Definitivamente, simular con artificios verbales que se está con la paz, no es astucia ni agudeza; es patraña despreciable. Lo hace solo el que ya está carcomido por dentro por el cangro de la maldad. Con los más caros sentimientos de un pueblo, no se juega.
Ha transcurrido más de un año luego de la consulta anticorrupción, y Duque ha hablado y hablado, y solo ahora se le ocurre que hay que crear un grupo de búsqueda de corruptos, pero con esos ladrones se cruza todos los días en los pasillos del Estado. Hace cerca de tres años se aprobó la creación de la Unidad Especial de lucha contra el paramilitarismo, pero el Estado la saboteó, y hoy los líderes sociales y los excombatientes siguen siendo diezmados impunemente en todo el territorio nacional. Iván Duque y sus ministros Trujillo y Blum, que con hipocresía hablan de paz con el corazón en la mano, piden la extradición de los voceros de paz del ELN que aún se encuentran en la Habana, pero parecen olvidar que el gobierno de Colombia fue quien incumplió los protocolos de regreso.
Definitivamente, Colombia está patas arriba y tendremos que enderezarla.
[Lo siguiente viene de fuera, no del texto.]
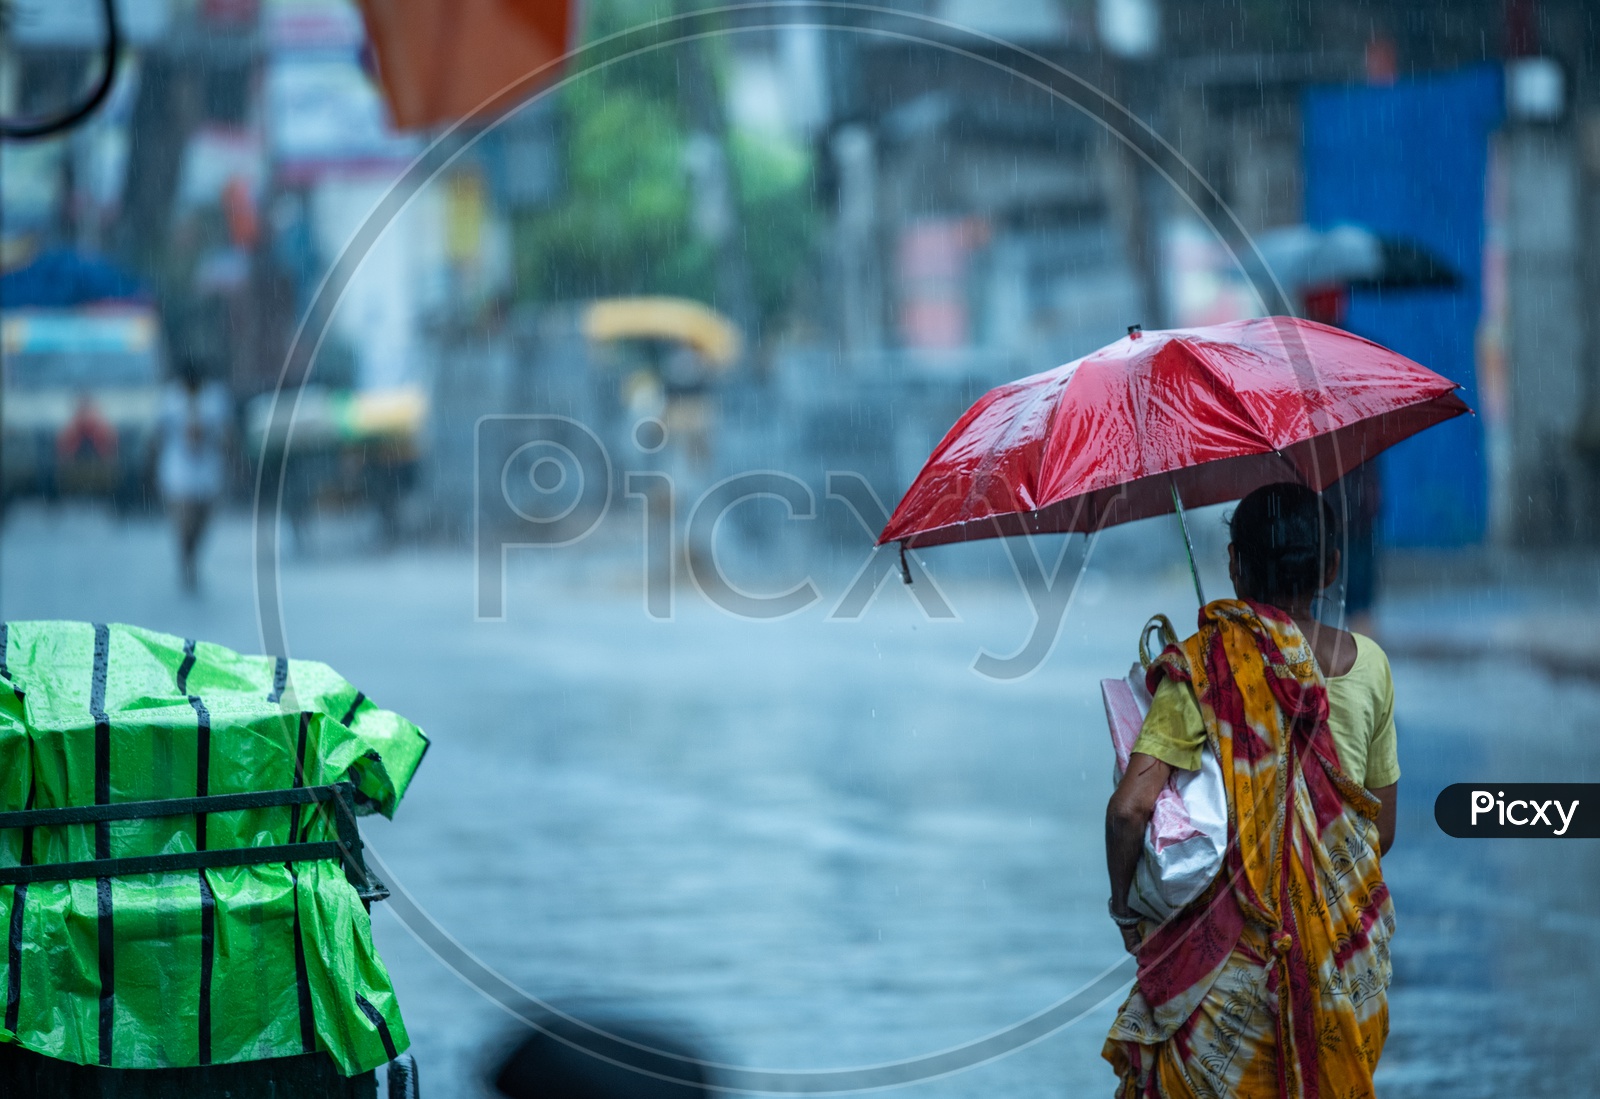 A Woman  Pedestrians  Holding  umbrellas And Taking Cover from Heavy  Rain  Duer To Cyclone Fani  on  Howrah  Roads

Lo primero es que no necesitamos mandatarios mentirosos y parlanchines altisonantes, sino hombres y mujeres honestos, justos; personas honradas y virtuosas que se comprometan, mediante un Gran Acuerdo Político Nacional, a trabajar por el bienestar de todos los colombianos, por la paz completa, y no solo por los intereses económicos y políticos de un puñado de empresarios egoístas.
Necesitamos una nueva legalidad, un nuevo orden social.